Good ideas    Not too terribly expensive to pick up a 25 watt panel and charge/top off a 30A+ 12V battery.  Good low cost introduction to this stuff.   30A isn't going to get you far, but with a small PMA generator could top that off from near dead in little time  (working on such a project).



shawn_ky said:


> ou are my hero!!  I wish we could have these around here... Neighbors would not be happy with a windmill going up...


 

I have two windmills and neither is up currently. Wind power is very hard to deal with, with traditional designs we've all seen.  When it gets really windy, the windmills aren't usable.  In low wind, not usable.  Basically good for kite flying breezy days and there aren't many of those in most places.

I do have a vertical windmill, a Savonius (sp?) design   It's hanging out waiting for me to repair it.  Something broken / jammed internally.

Mostly, I have random small watt pannels (15-50W) on various buildings on my property.  Nothing very exciting.   A garage with no electric now has some light on demand and an outside light when needed.



EB-Eric said:


> I have two full-tank diesel generators in my spare bedroom wired through the UPS to kick on if/when needed,


Those should be outside and ventilated.  Yeah people use kerosene (similar) in their homes for heat.  But it isn't "healthy".   I'd build (if you own) a generator building outside and sandbag it for quietness.  Add an additional muffler  to further silence it and get the fumes out of the generator building.



shawn_ky said:


> keep having outages everywhere around us and everyone buys them up quickly or the costs are up so high it's just not worth it...

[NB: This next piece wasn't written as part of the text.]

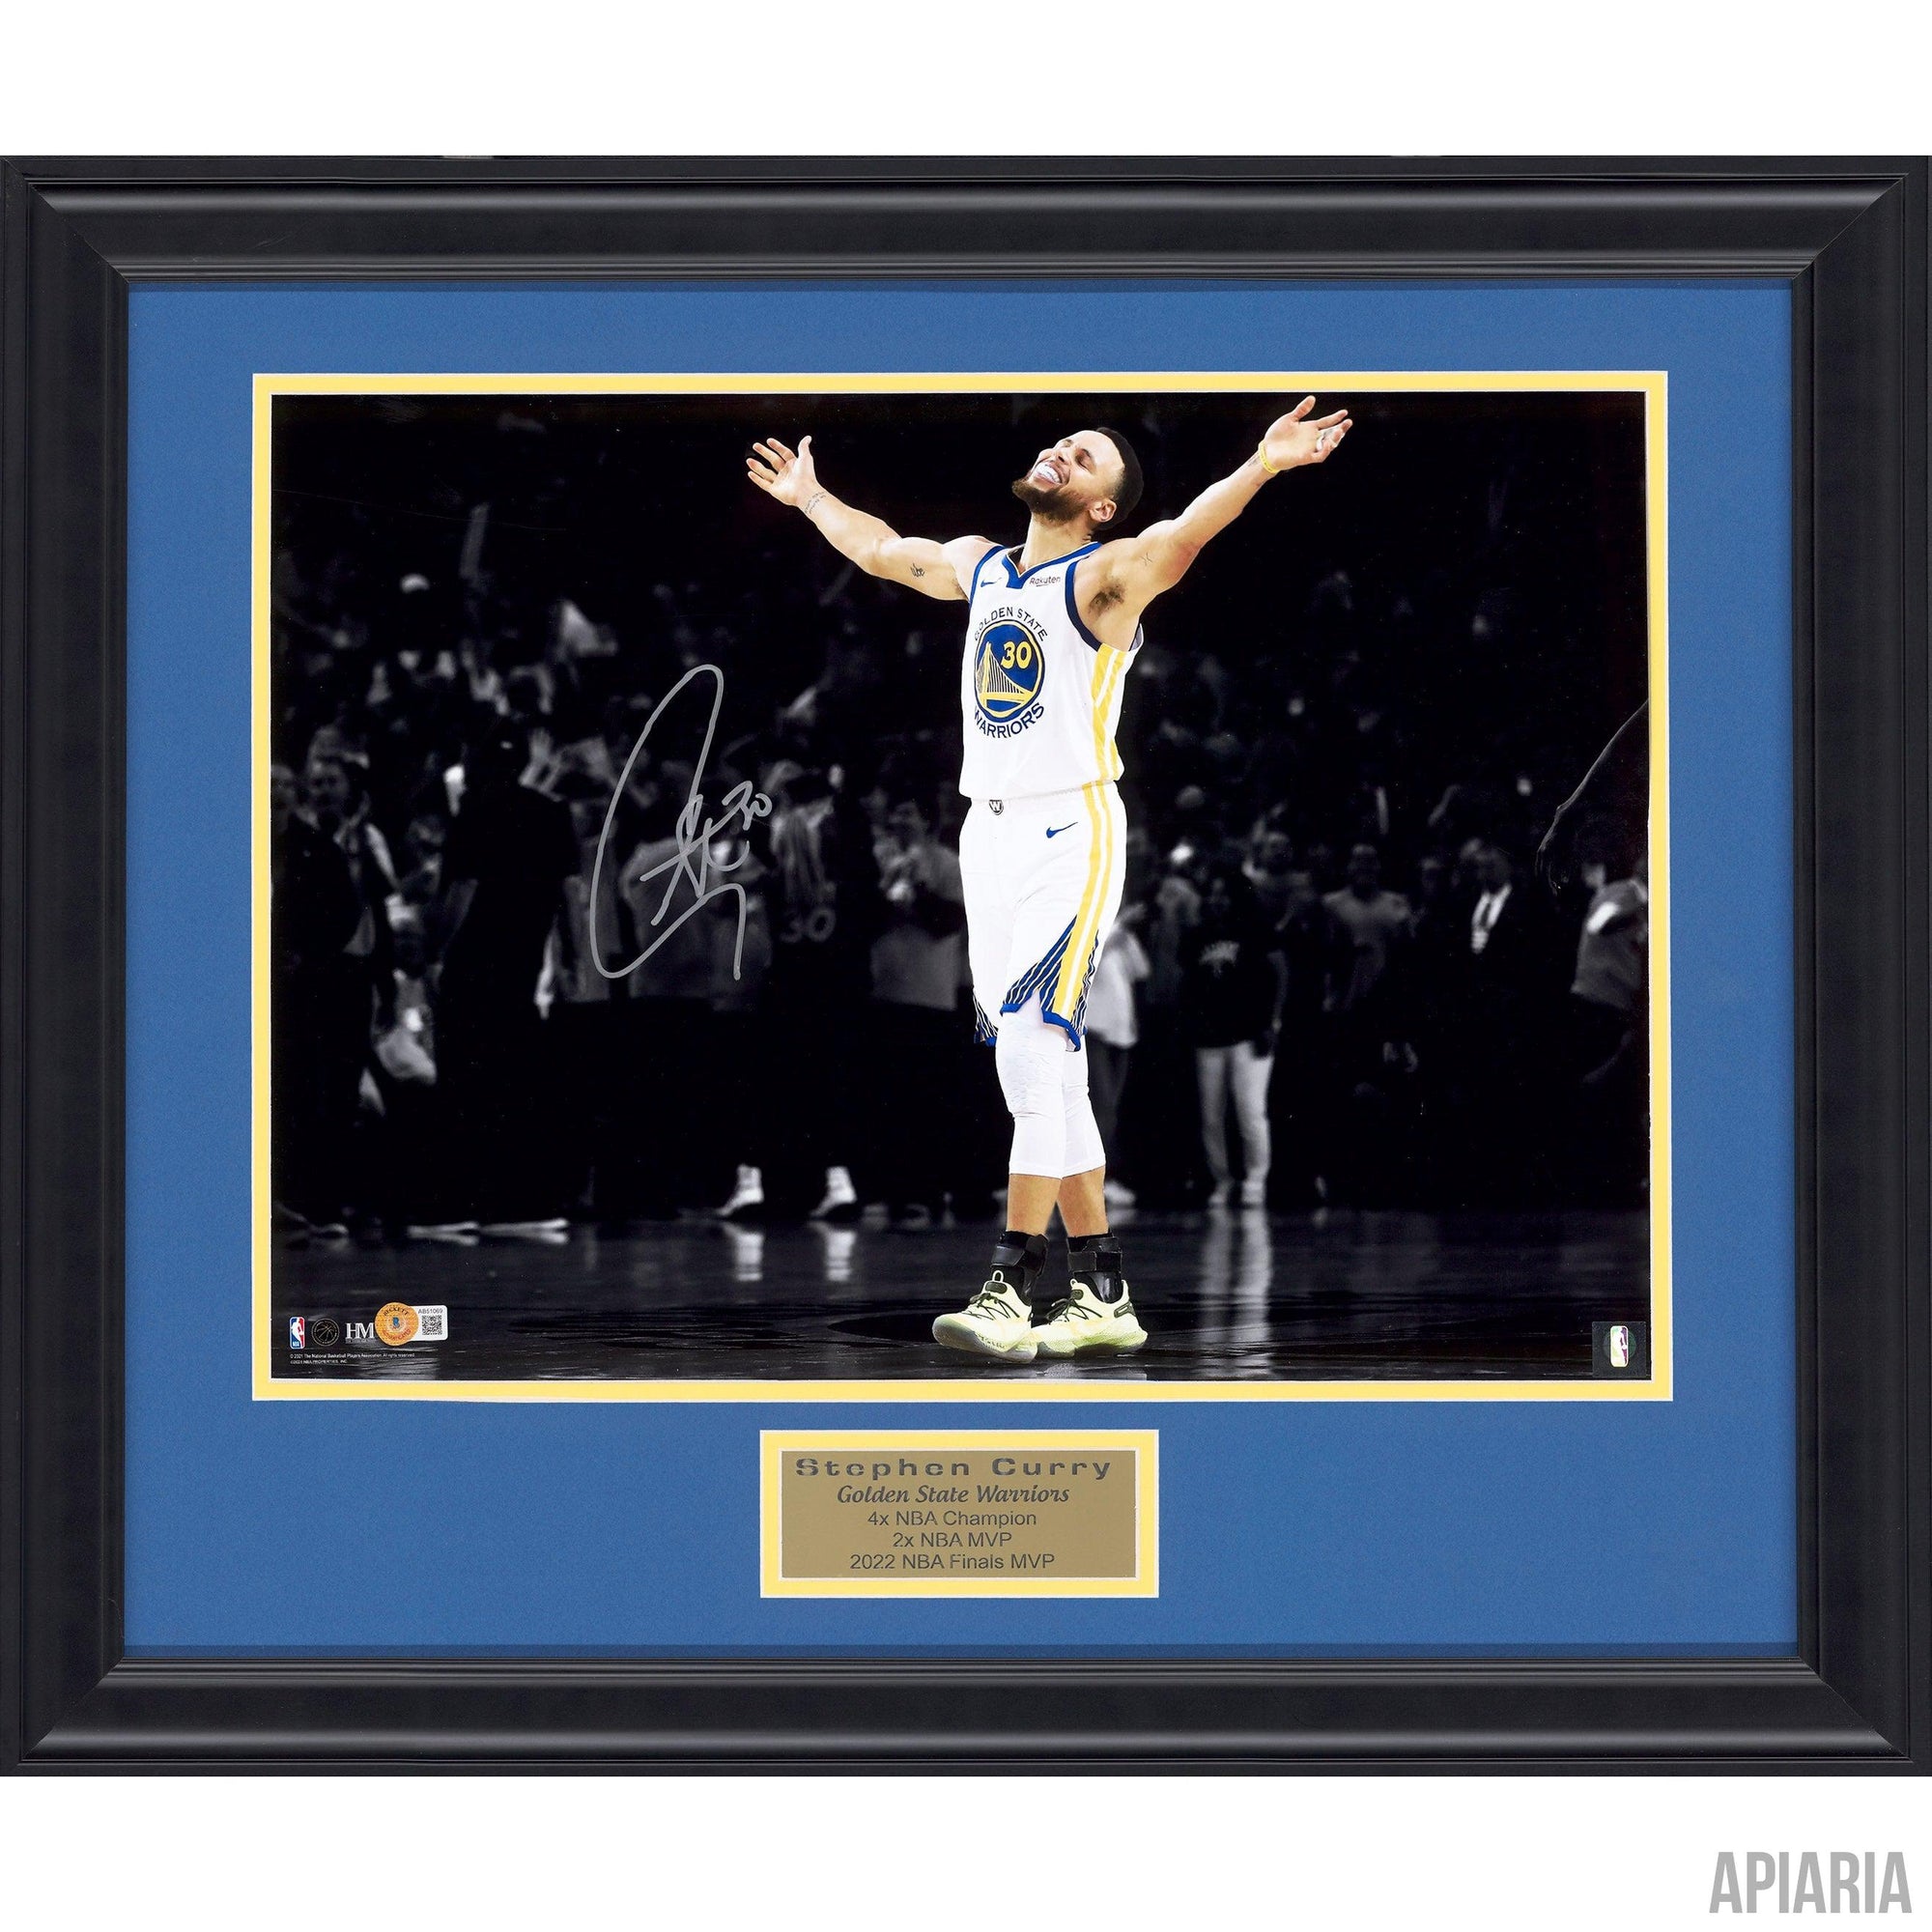 Stephen Curry Autographed Photo-Framed Item-Apiaria

Look for one online   Harbor Freight has cheap import models, Ebay has random ones, Craigslist has random options.


----------



## earl (Jul 10, 2013)

Similar thing happened to me yesterday.. the whole city had a power out for about 6 hours and I'm doing renovations on the house.. even the hotel i'm staying in did not have power in the rooms!!

Supposedly we had a months worth of rain in one day so lots of flooding around the city..


----------



## texteditor (Jul 10, 2013)

People in my family have a genetic high tolerance for carbon monoxide, it's no big deal


----------



## rds100 (Jul 10, 2013)

texteditor said:


> I have two full-tank diesel generators in my spare bedroom wired through the UPS to kick on if/when needed, haven't had them turn on yet
> 
> The odor kinda sucks though


Does the fire department know about it?


----------



## drmike (Jul 10, 2013)

rds100 said:


> Does the fire department know about it?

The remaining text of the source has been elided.